Bağımlı insanlar sorunu inkar etme ve bastırma konusunda birbirine benzerler. Kendilerini ikna edercesine korkunç bir şey olmadığını iddia ediyorlar: "Yarın belki her şey kendi kendine yoluna girecek, aklını toplayacak, kendini toparlayacak ve uyuşturucu (alkol) kullanmayı bırakacak." Temel sorun hakkında düşünmemek için, bağımlılar sürekli kendilerine yapacak bir şeyler bulurlar, yalanlara inanırlar, kendilerini kandırırlar. Sadece duymak istediklerini duyarlar ve sadece görmek istediklerini görürler. İnkar ve baskı, bir yanılsama dünyasında yaşamalarına yardımcı olur, çünkü hayatın gerçeği onlar için katlanılmazdır. İnkar, kendini aldatmayı teşvik eder ve kendini aldatma yıkıcıdır, bir tür ruhsal bozulma, ahlaki ilkelerin kaybıdır. Eş bağımlılar, acı verici bağımlılık belirtilerine sahip olduklarını sürekli olarak reddederler. İnkar, insanlardan yardım istemeyi, uzmanlara başvurmayı zorlaştırır, sevilen bir kişide kimyasal bağımlılığı geciktirir ve ağırlaştırır, karşılıklı bağımlılığın ilerlemesini sağlar, kişisel ve ailevi sorunları ağırlaştırır.

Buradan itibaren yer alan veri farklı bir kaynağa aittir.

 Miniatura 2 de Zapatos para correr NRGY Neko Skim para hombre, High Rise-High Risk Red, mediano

Bağımlı insanlar, uzun süreli stresin neden olduğu hastalıklarında benzerdir. Bunlar öncelikle psikosomatik hastalıklar, gastrit, mide ve duodenum ülserleri, baş ağrıları, kolit, hipertansiyon, nörosirküler distoni, astım, taşikardi, aritmi, hipertansiyon, hipotansiyon vb. Birinin hayatını kontrol etmeye çalışmaktan hastalanırlar, o zaman yapamayacakları bir şey vardır. kontrollü olun. İşkolik, düzenli ve temiz olurlar. Yaşamak için değil, hayatta kalmak için çok şey harcıyorlar, bu nedenle, bağımlılığın ilerlemesini gösteren çeşitli psikosomatik bozukluklar ortaya çıkıyor.

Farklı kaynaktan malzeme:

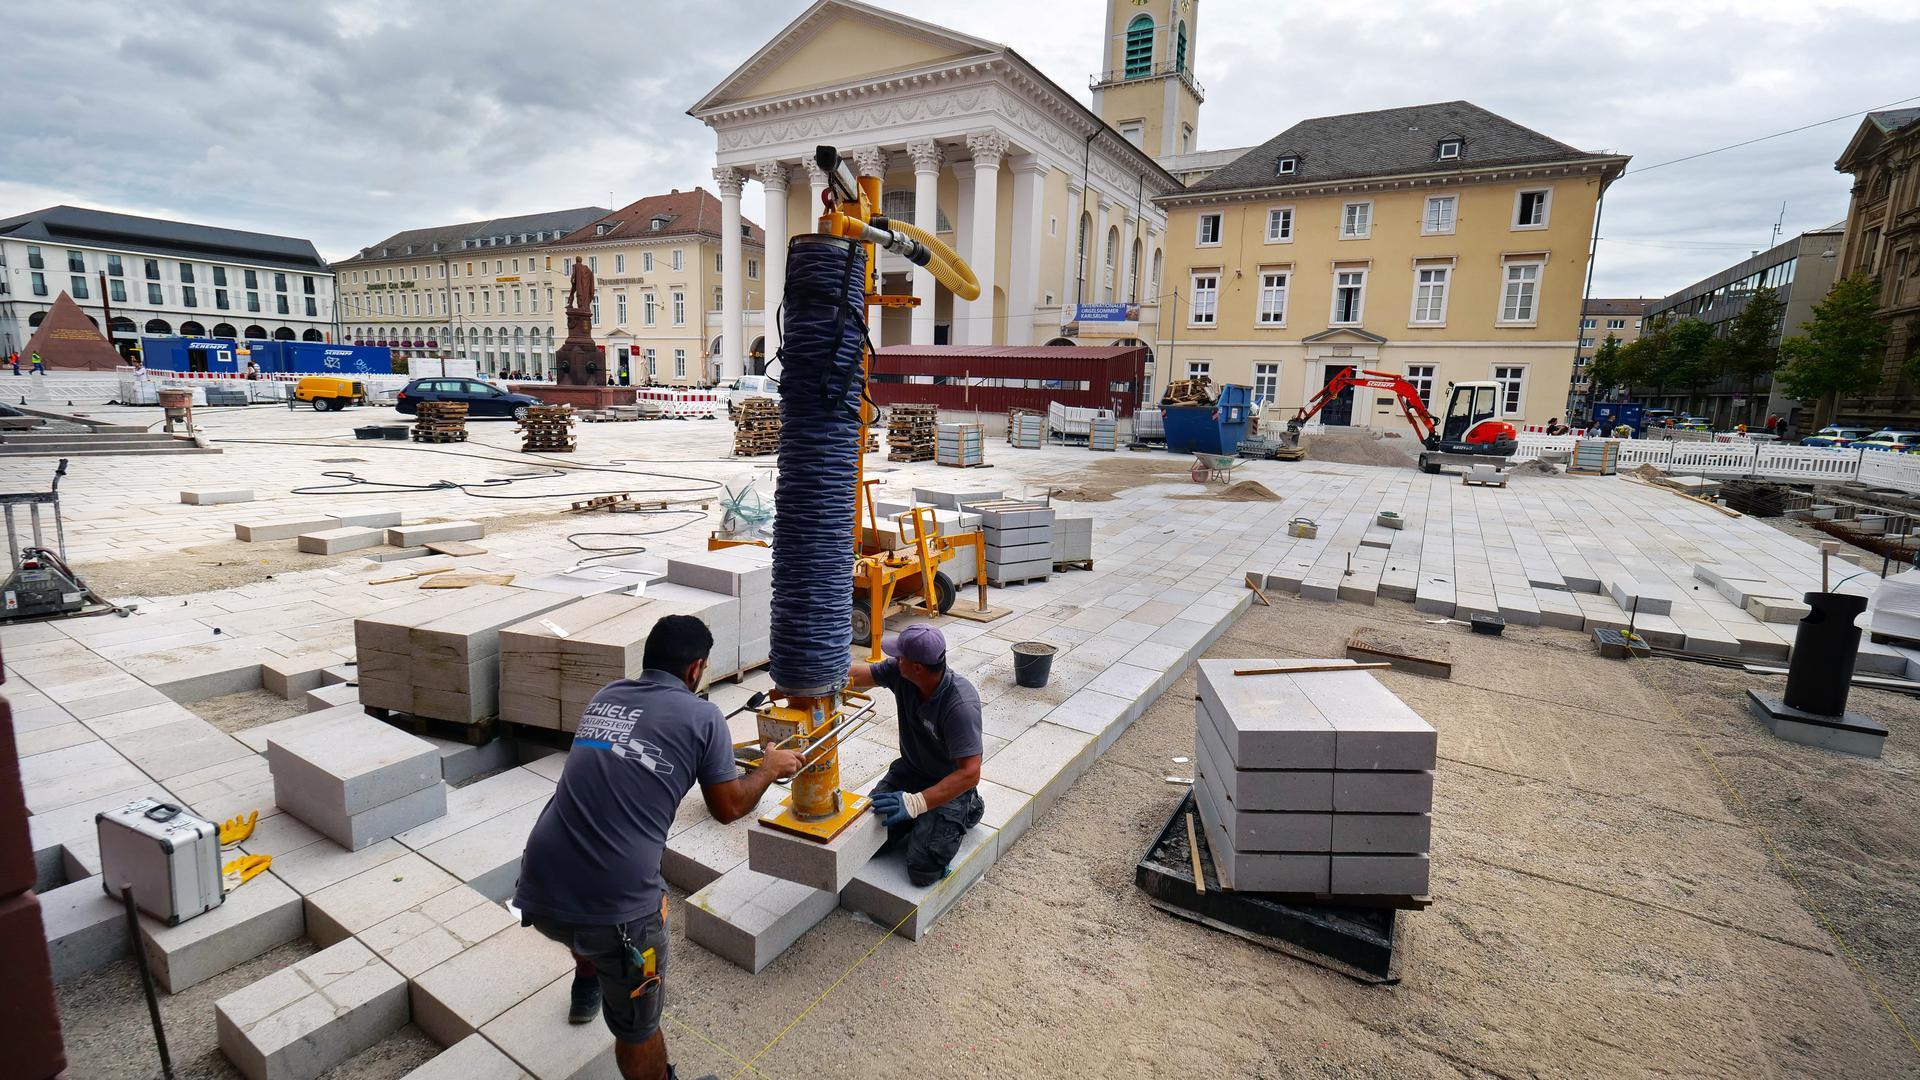 Auf den letzten Quadratmetern: Das neue Pflaster des Marktplatzes schließt sich. Die Arbeiter fügen die fehlenden Granitsteinplatten in der Südwestecke der guten Stube ein.

Doktora göre V. Moskalenko, "ihmal edilen karşılıklı bağımlılık psikosomatik hastalık, kişinin sağlığına dikkat etmeme, kendi ihtiyaçlarını bilmeme nedeniyle ölüme yol açabilir." Bu nedenle, karşılıklı bağımlılığın tezahürleri oldukça çeşitli olmasına rağmen, bu hastalıkları olan kişilerin çok ortak noktası vardır. Bu, insan yaşamının, insanın zihinsel aktivitesinin, davranışının, dünya görüşünün, yetiştirilme tarzının, inanç sistemlerinin ve yaşam değerlerinin yanı sıra fiziksel sağlığın tüm yönleri için geçerlidir.